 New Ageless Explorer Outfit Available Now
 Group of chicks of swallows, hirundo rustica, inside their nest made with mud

________

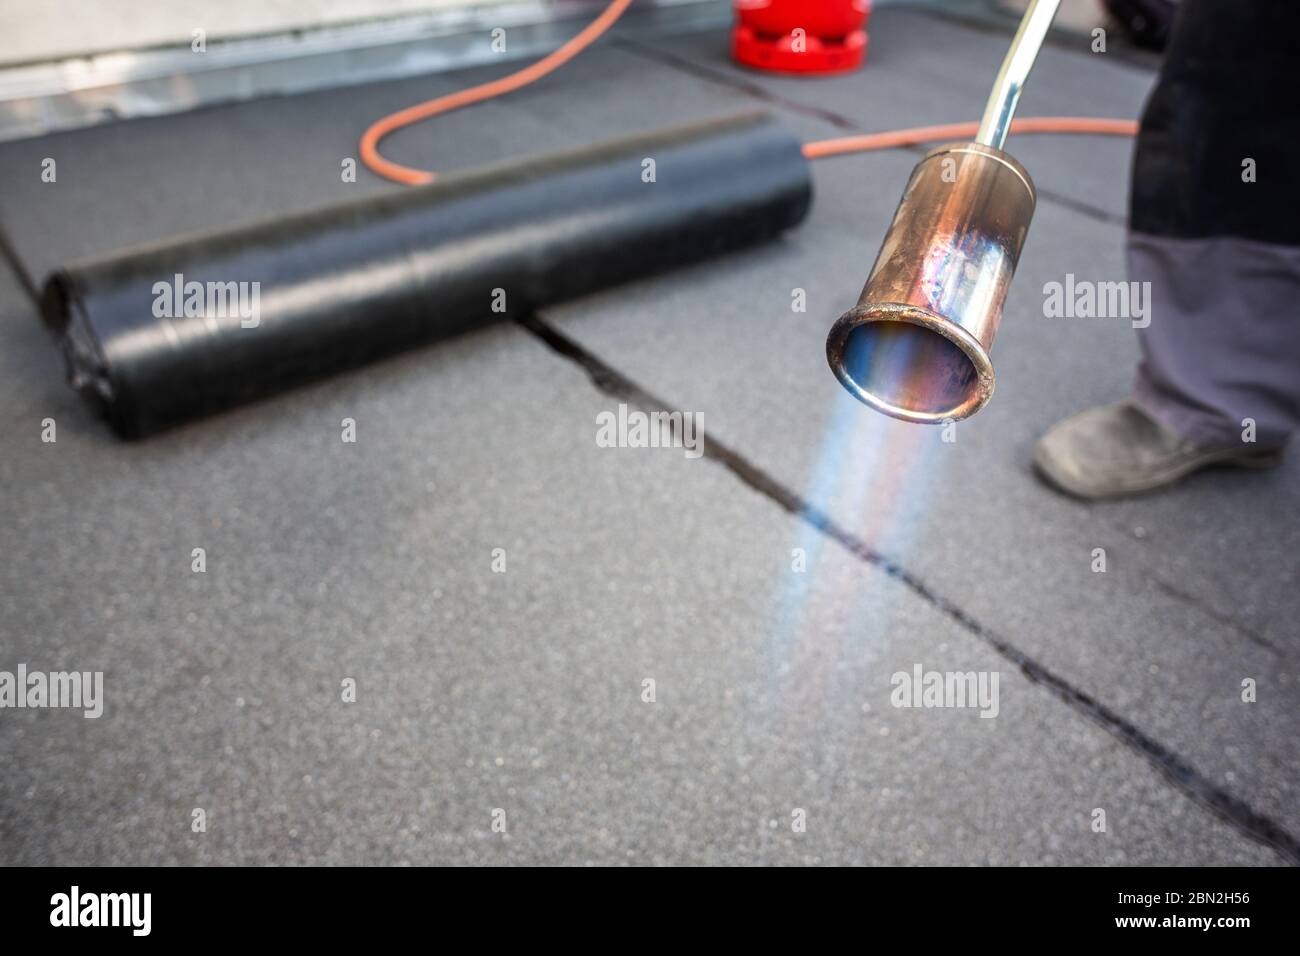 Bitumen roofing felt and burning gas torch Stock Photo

________

> THE TASK
What you give back should be only the lines of the records above, starting at the line with "New Ageless Explorer Outfit Available Now" and ending at the line with "Group of chicks", restated word for word.

> COMPLETED EXERCISE
 New Ageless Explorer Outfit Available Now
 Group of chicks of swallows, hirundo rustica, inside their nest made with mud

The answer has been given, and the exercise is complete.